Normally you would want to delete this right away, so that it does not
use up all of your disk space. However, in this case you will leave
it because you are going to use it for debugging in the next section.
A segmentation violation generally means that the program tried to access
something that isn't there. In this case we deliberately created a
common problem - a new histogram is put into the code, declared in the
header, filled in the event() function of the implementation file, but
we haven't actually instantiated it - that is, you have to make the
histogram before you can fill it.
However, in most cases you do not put in an error deliberately,
and have made many small changes to code before checking it. So
the message "segmentation fault" isn't particularly useful
for determining which of these small changes is the source of the error.
Therefore, we rerun the executable with debugger gdb to find
out exactly where it crashes (note that $BFARCH is set up for us when we
type srtpath at the start of a session):
workdir> gdb bin/$BFARCH/BetaMiniApp
> run snippet.tcl
These first two lines run gdb on the job "BetaMiniApp snippet.tcl".
At the framework prompt, input your collection as usual:
> mod talk KanEventInput
KanEventInput> input add /store/SP/R14/001237/200309/14.3.1c/SP_001237_000533
KanEventInput> exit
> ev beg -nev 10
Again we get a crash, but this time with a helpful pointer to where it
went wrong with the output:
Program received signal SIGSEGV, Segmentation fault.

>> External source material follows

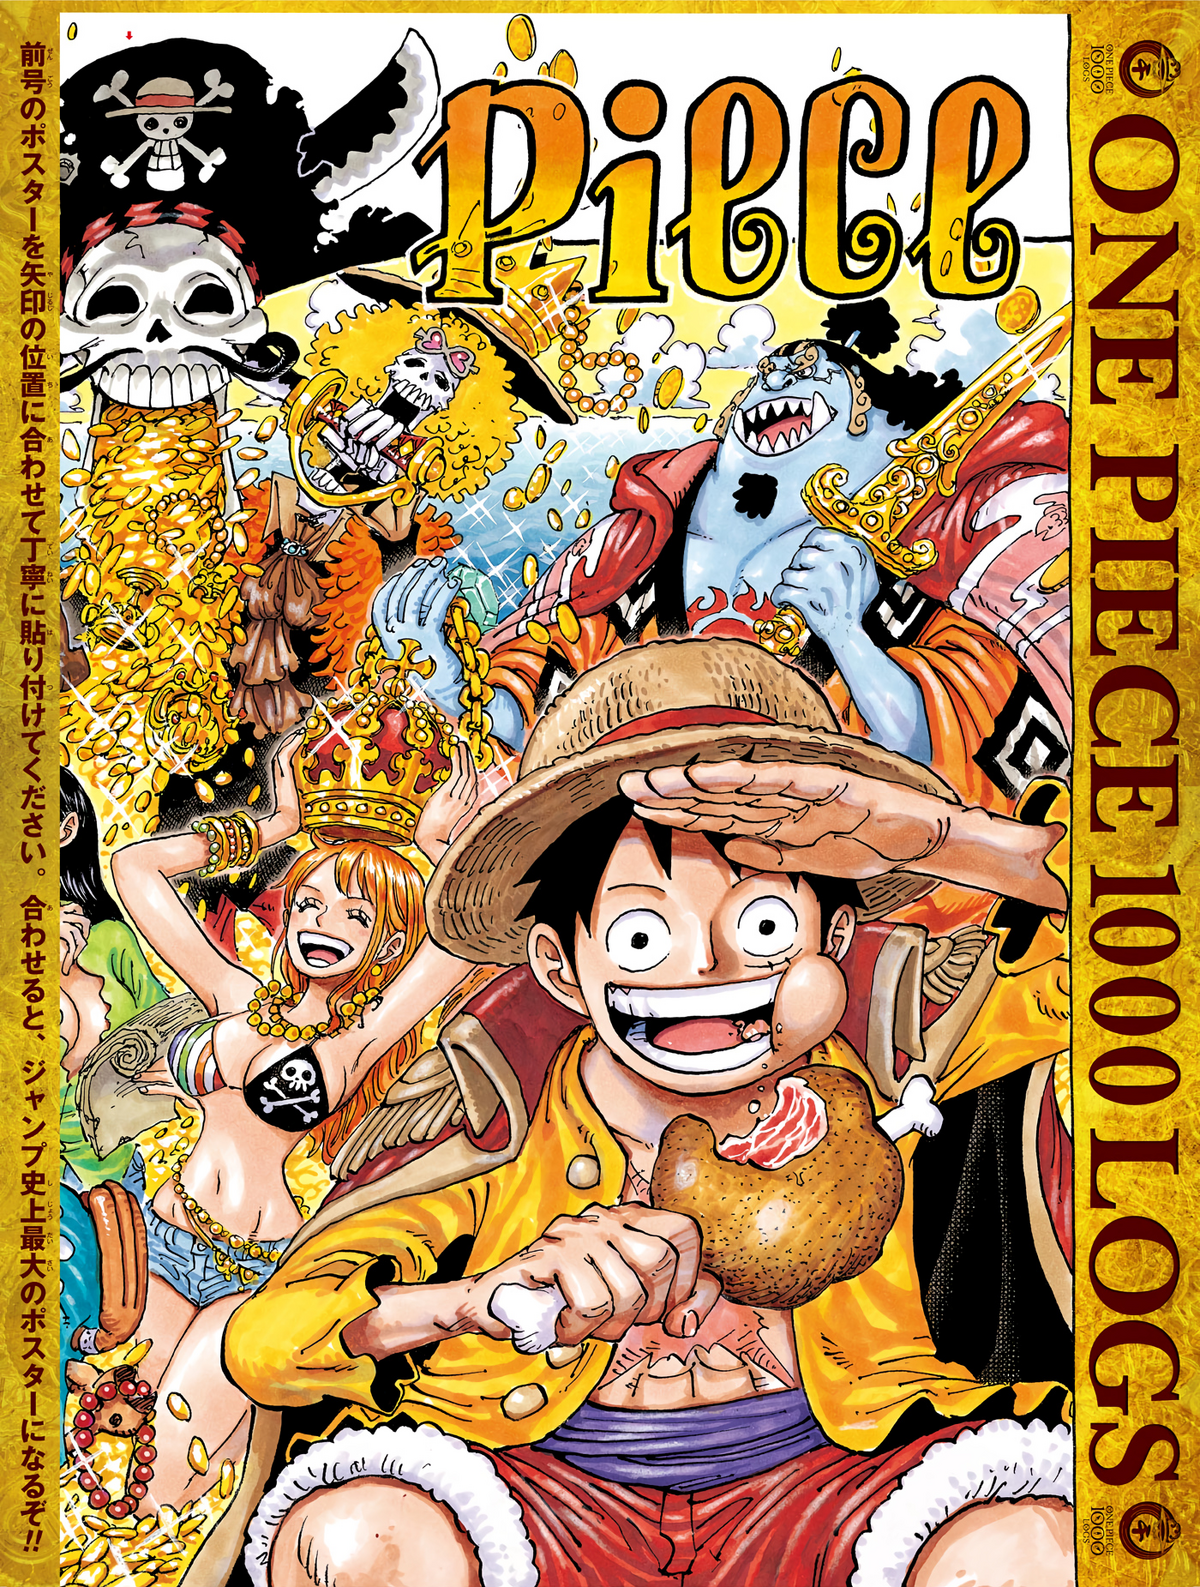 Monkey D Luffy 1015  One piece episodes, Manga anime one piece, One piece  anime

[Switching to Thread -1218624864 (LWP 17178)]
0x08094710 in PExample::event (this=0x11545ac8, anEvent=0x12c369a0)
at /afs/slac.stanford.edu/u/br/penguin/ana26/BetaMiniUser/PExample.cc:133
133 _pHisto->accumulate( trk->p() );
Current language: auto; currently c++
So the segmentation fault occured at line 133 of PExample.cc - as
you would expect (even if you had not put in the error yourself) since
this is one of the files that you added, rather than part of the
standard BaBar code that you haven't touched.
To try to get a bit more information, you can ask the debugger
where it was with all the processes it was running when the crash
occured:
(gdb) where
Predictably, one of the places where things were running was:
#0 0x08094710 in PExample::event (this=0x11545ac8, anEvent=0x12c369a0)
at /afs/slac.stanford.edu/u/br/penguin/ana26/BetaMiniUser/PExample.cc:133
Confirming our knowledge of where the error occured. To look more
closely, you can enter:
(gdb) frame 0
to look at the particular region where it went wrong:
#0 0x08094710 in PExample::event (this=0x11545ac8, anEvent=0x12c369a0)
at /afs/slac.stanford.edu/u/br/penguin/ana26/BetaMiniUser/PExample.cc:133
133 _pHisto->accumulate( trk->p() );
You still don't know for sure that it was the non-instantiation of the
_pHisto histogram that caused the problem, but you have really
narrowed down the suspects. In this frame, you can also try to
interrogate the objects listed to see if you can get a few more hints:
(gdb) print trk
gives output:
$1 = (class BtaCandidate *) 0x14054a40
Which says the object trk is a pointer to a BtaCandidate
and has a sensible memory location - this is good.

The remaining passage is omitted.